Deterministic algorithms for objective Bayesian inference and hyperparameter optimization

Awesome Lists containing this project

README

        

## bbai
![](https://github.com/rnburn/peak-engines/workflows/CI/badge.svg) [![PyPI version](https://img.shields.io/pypi/v/bbai.svg)](https://badge.fury.io/py/bbai) [![License: CC BY 4.0](https://img.shields.io/badge/License-CC%20BY%204.0-lightgrey.svg)](https://creativecommons.org/licenses/by/4.0/) [![API Reference](http://img.shields.io/badge/api-reference-blue.svg)](https://buildingblock.ai/bbai.glm)

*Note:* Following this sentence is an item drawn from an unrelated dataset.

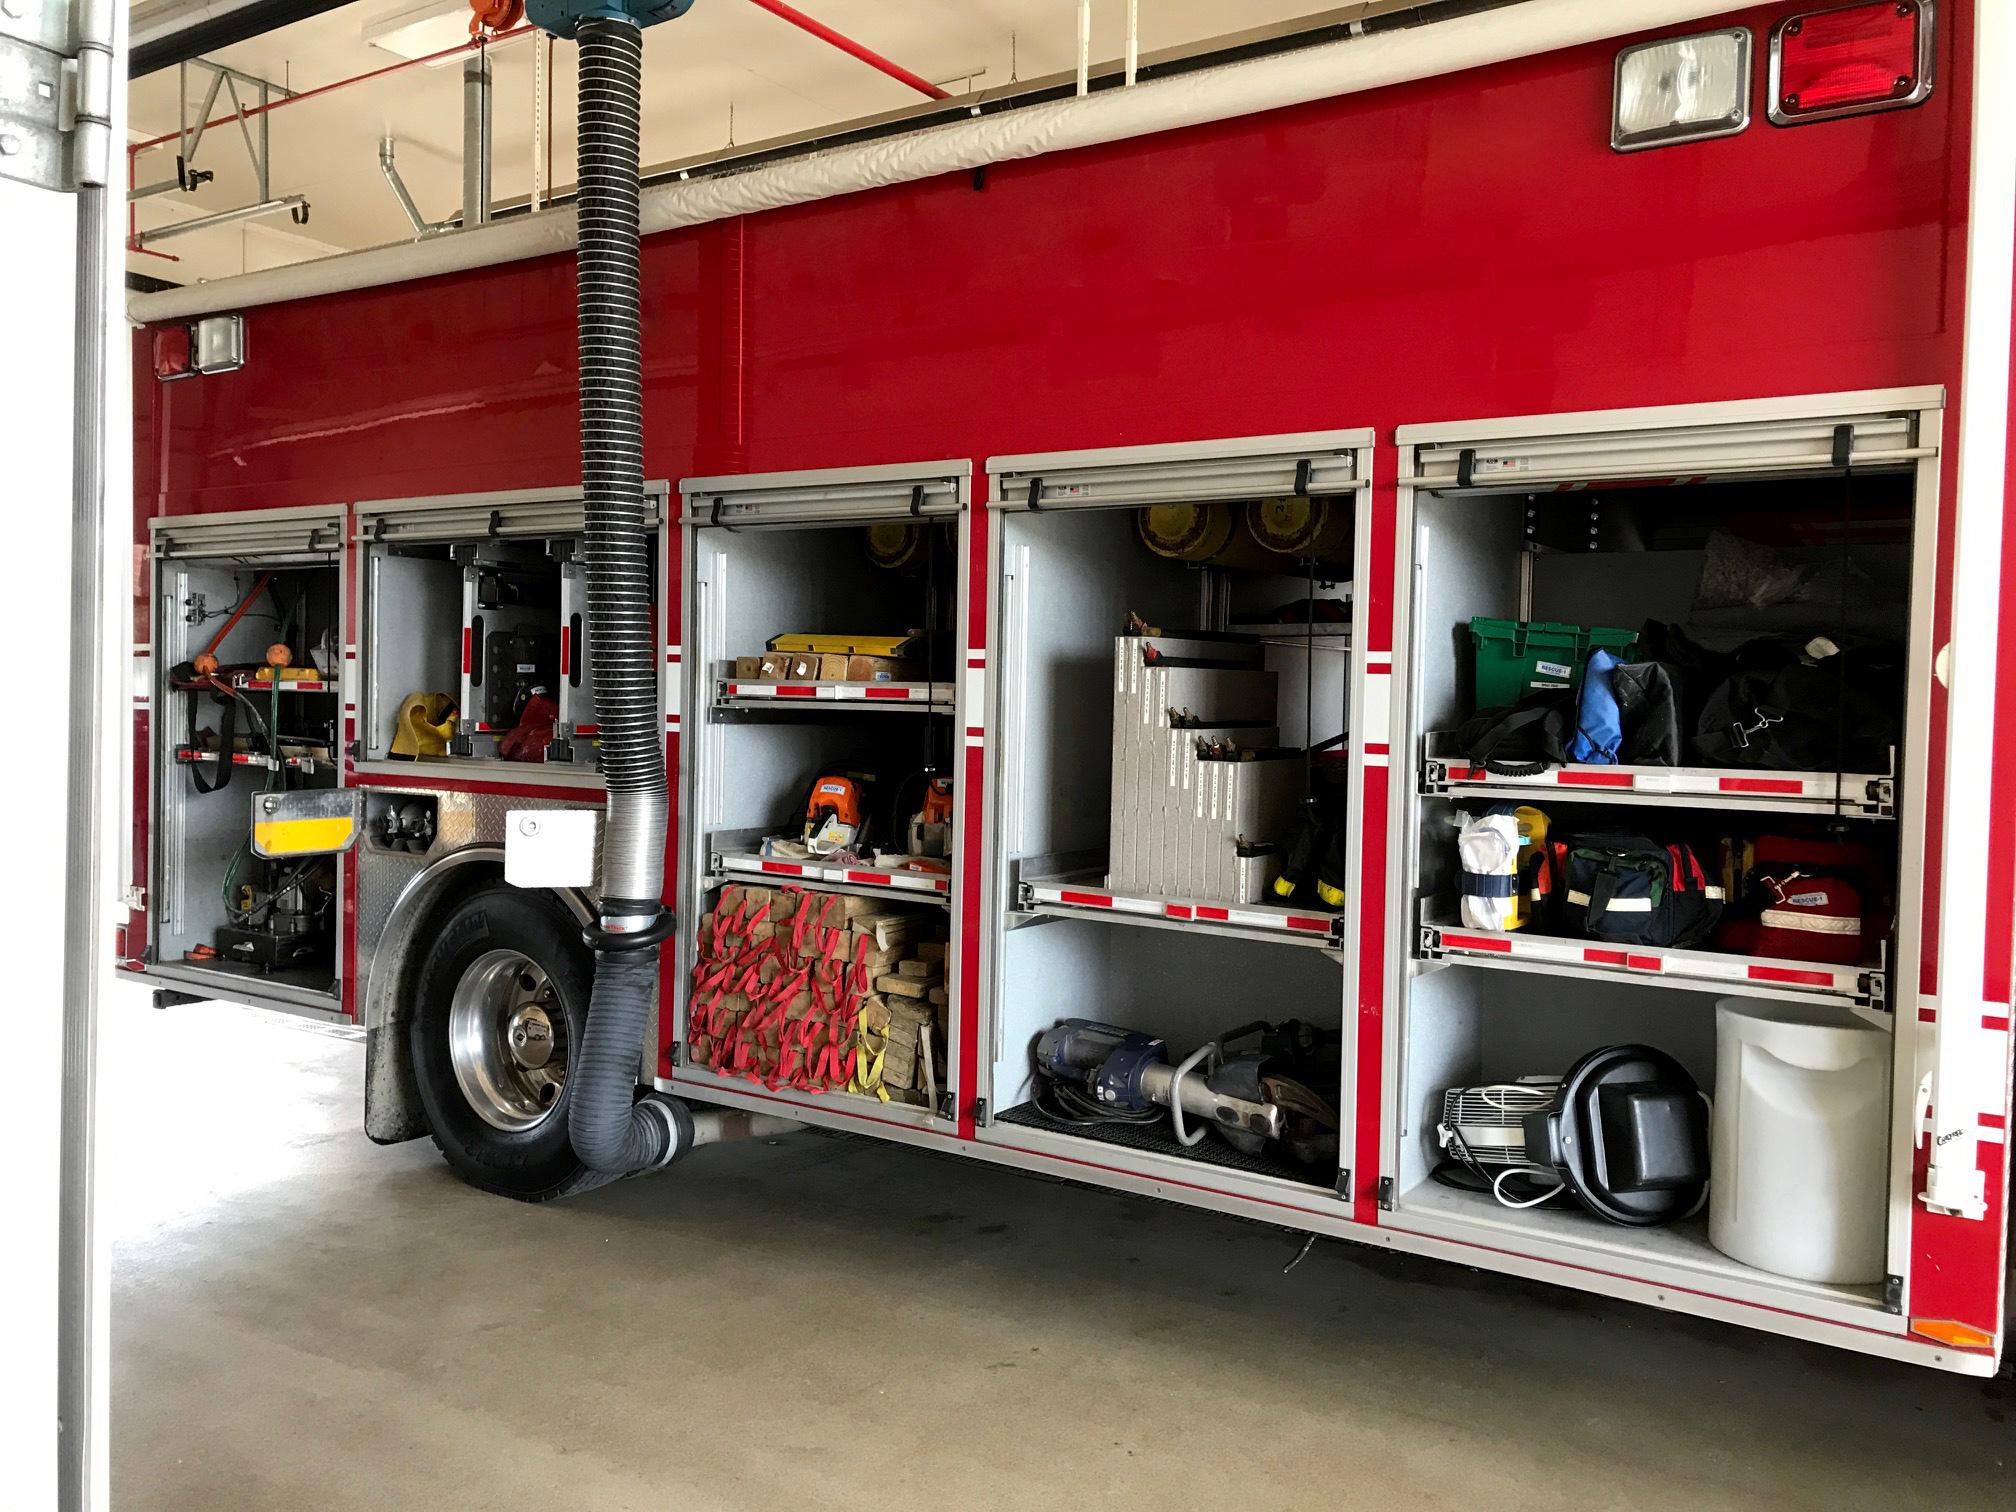 2009 Spartan MetroStar Heavy Rescue | Used Truck Details

Deterministic, exact algorithms for objective Bayesian inference and hyperparameter optimization.

## Installation

**bbai** supports both Linux and OSX on x86-64.

```
pip install bbai
```

## Usage

### Fully Bayesian Single-variable Logistic Regression with Reference Prior
https://www.objectivebayesian.com/p/election-2024

Build a fully Bayesian logistic regression model with a single unknown weight using Jeffreys
prior (or reference prior, which are the same for only a single parameter).

```python
from bbai.glm import BayesianLogisticRegression1

x = [-5, 2, 8, 1]
y = [0, 1, 0, 1]
model = BayesianLogisticRegression1()

# Fit a posterior distribution for w with the logistic
# regression reference prior
model.fit(x, y)

# Print the posterior probability that w < 0.123
print(model.cdf(0.123))
```

### Hypothesis testing using Expected Encompassing Intrinsic Bayes Factors (EEIBF)
https://www.objectivebayesian.com/p/hypothesis-testing

The EEIBF method is described in the paper *Default Bayes Factors for Nonnested Hypothesis Testing*
by James Berger and Julia Mortera ([postscript](http://www2.stat.duke.edu/~berger/papers/mortera.ps)).

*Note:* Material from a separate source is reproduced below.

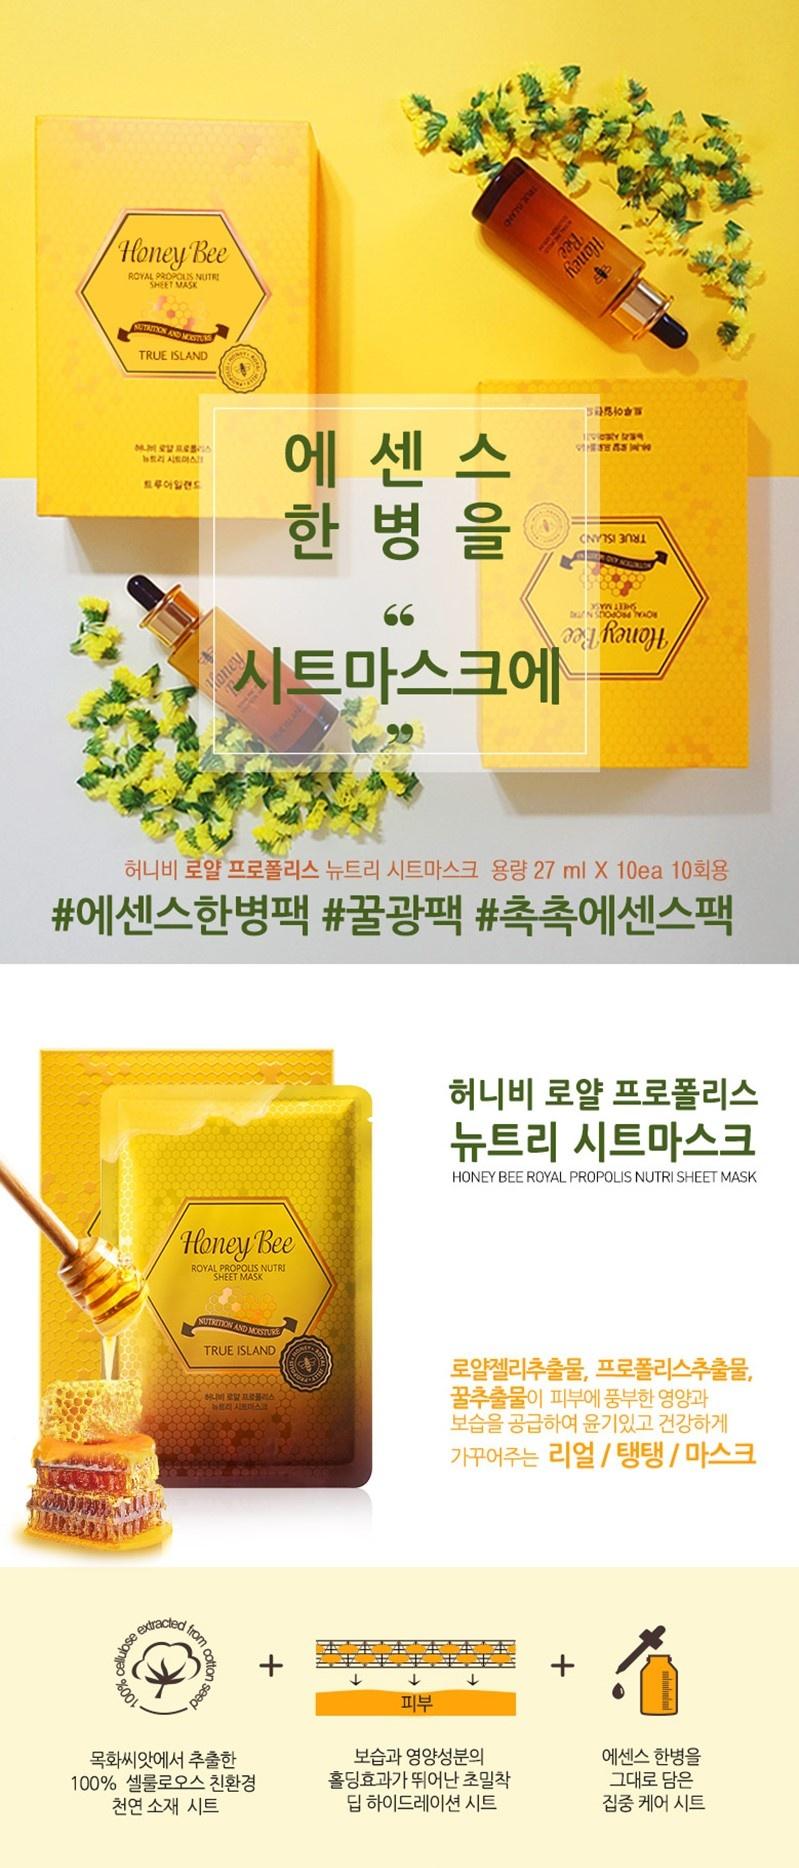 True Island Honey Bee Royal Propolis Nutri Sheet Mask-2

The python code below shows how to test these three hypotheses for the mean of normally distributed
data with unknown variance.
```
H_equal: mean = 0
H_left: mean < 0
H_right: mean > 0
```
```python
from bbai.stat import NormalMeanHypothesis
import numpy as np

np.random.seed(0)
data = np.random.normal(0.123, 1.5, size=9)
probs = NormalMeanHypothesis().test(data)
print(probs.equal) # posterior probability for H_equal 0.235
print(probs.left) # posterior probability for H_left 0.0512
print(probs.right) # posterior probability for H_right 0.713
```
See [example/19-hypothesis-first-t.ipynb](example/19-hypothesis-first-t.ipynb) for an example and
[example/18-hypothesis-eeibf-validation.ipynb](example/18-hypothesis-eeibf-validation.ipynb) for a
step-by-step validation of the method against the paper.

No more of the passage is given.